Compose async functions into a sequential pipeline where each function receives the output of the previous one.

When to Use

  • Chaining multiple async transformations on a value
  • Building data processing pipelines (fetch → transform → store)
  • Replacing deeply nested .then() chains with a declarative pipeline

The Pattern

Data loading pipeline

javascript
const loadUser = asyncPipe(
  id => fetch(`/api/users/${id}`),
  response => response.json(),
  user => enrichWithProfile(user),
);

const user = await loadUser(42);

Database query pipeline

javascript
const listAccounts = asyncPipe(
  sql => query(sql),
  accounts => accounts.map(withHoldings),
  promises => Promise.all(promises),
  accounts => accounts.map(toRecord),
);

const accounts = await listAccounts(
  AccountQuery.list
);

Process cleanup pipeline

javascript
const killProcessTree = asyncPipe(
  () => pidtree(pid, {
    advanced: true,
    root: true,
  }),
  reverse(),
  map(process => process.pid),
  map(pid => killPromisified(pid)),
  promises => Promise.allSettled(promises),
);

Implementation

Each function in the pipeline receives the resolved value from the previous step.

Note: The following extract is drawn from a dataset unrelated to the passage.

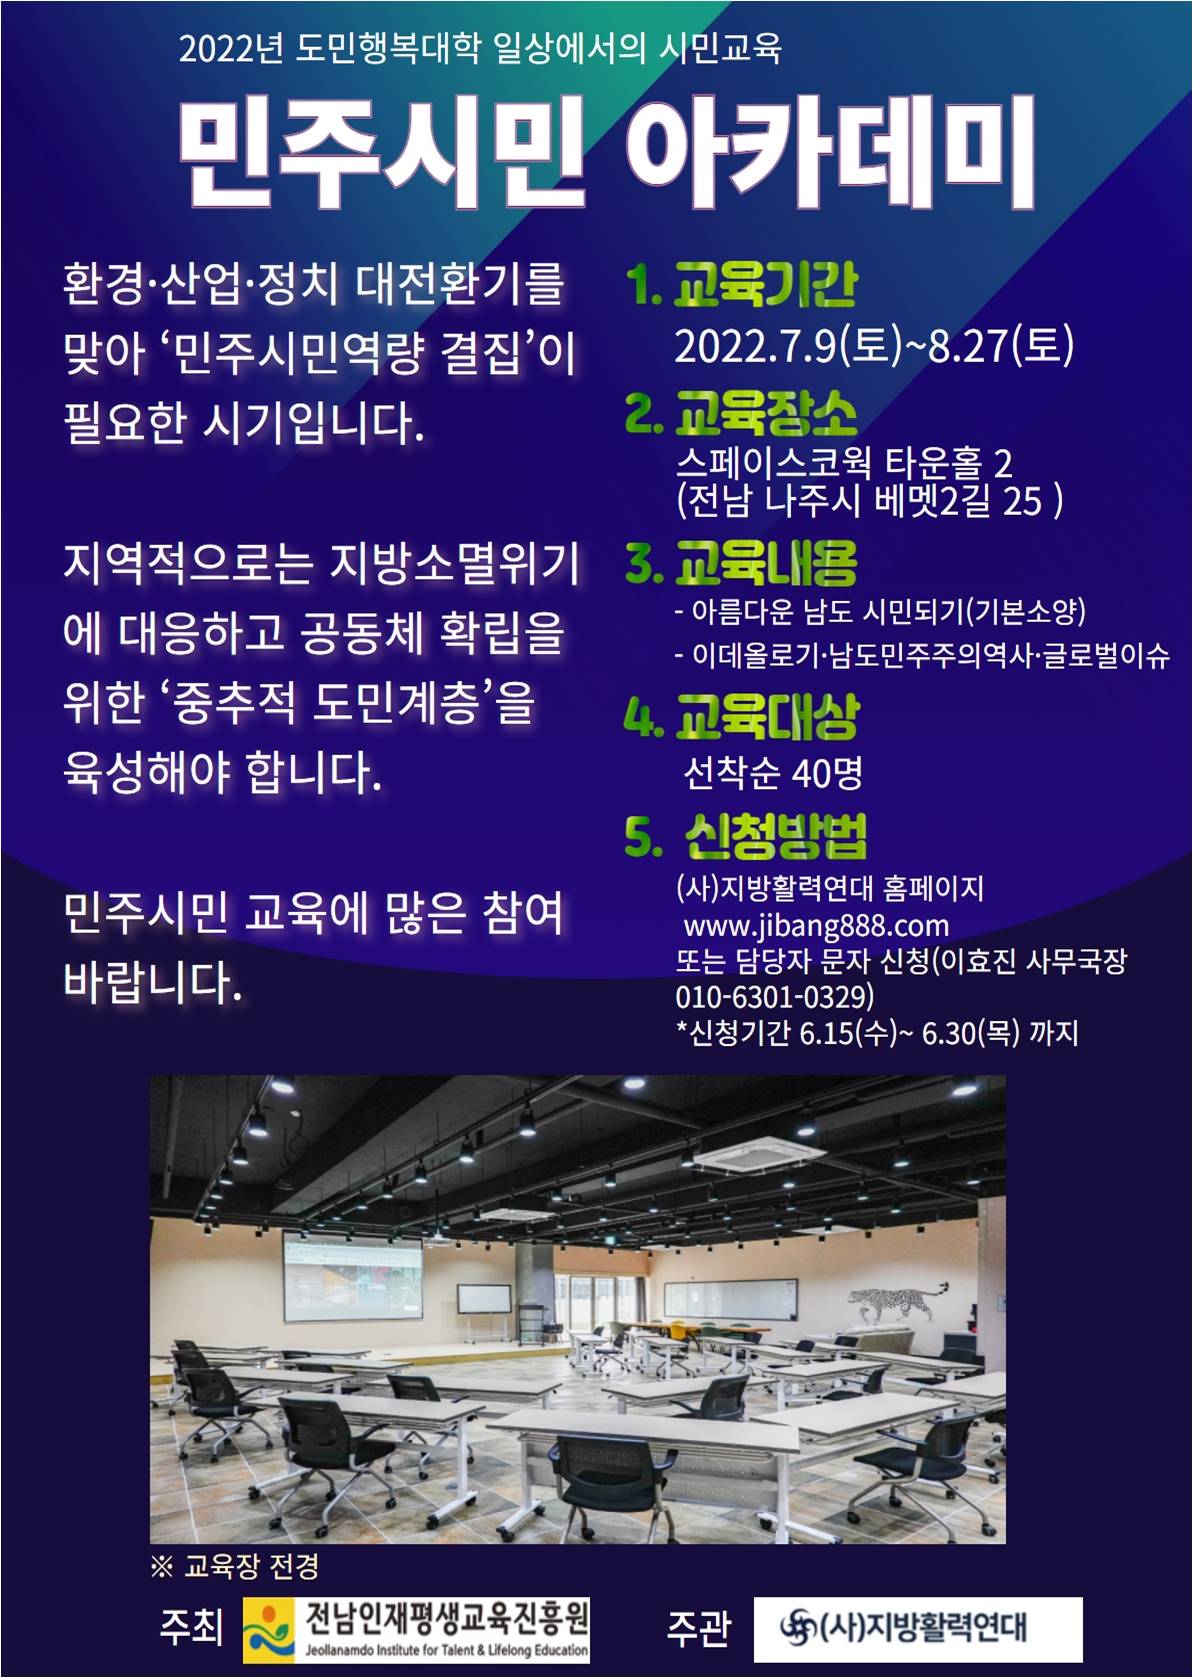 [모집 안내] 도민행복대학 시민교육 수강생 모집(지방활력연대)  1
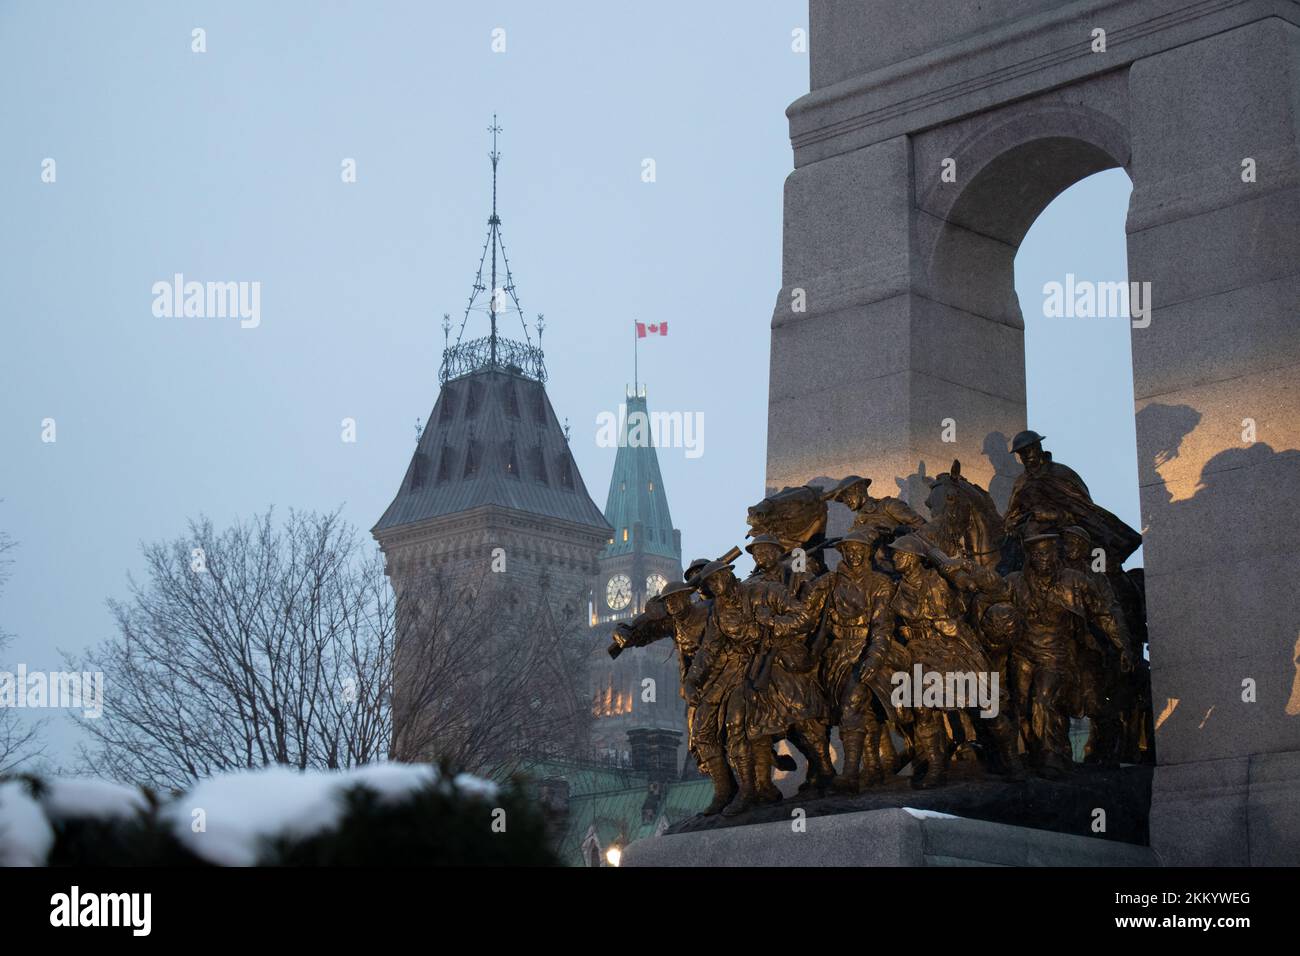 En una tarde nevada, se ve iluminado el Monumento Nacional a la Guerra en Ottawa, la capital de Canadá. La Torre de la Paz del Parlamento en el fondo lejano. Foto de stock

The initial input can be a value or a promise.

javascript
function asyncPipe(...fns) {
  return async function (value) {
    value = await value;
    for (const fn of fns) {
      value = await fn(value);
    }
    return value;
  };
}

Trade-offs

ApproachProsCons
asyncPipeDeclarative, composableHarder stack traces
Chained awaitEasy to debugRepetitive
.then() chainsNo async/await neededDeeply nested

When to avoid: If the pipeline has complex branching or error recovery between steps, sequential await with explicit conditionals is clearer. asyncPipe works best for linear transformations.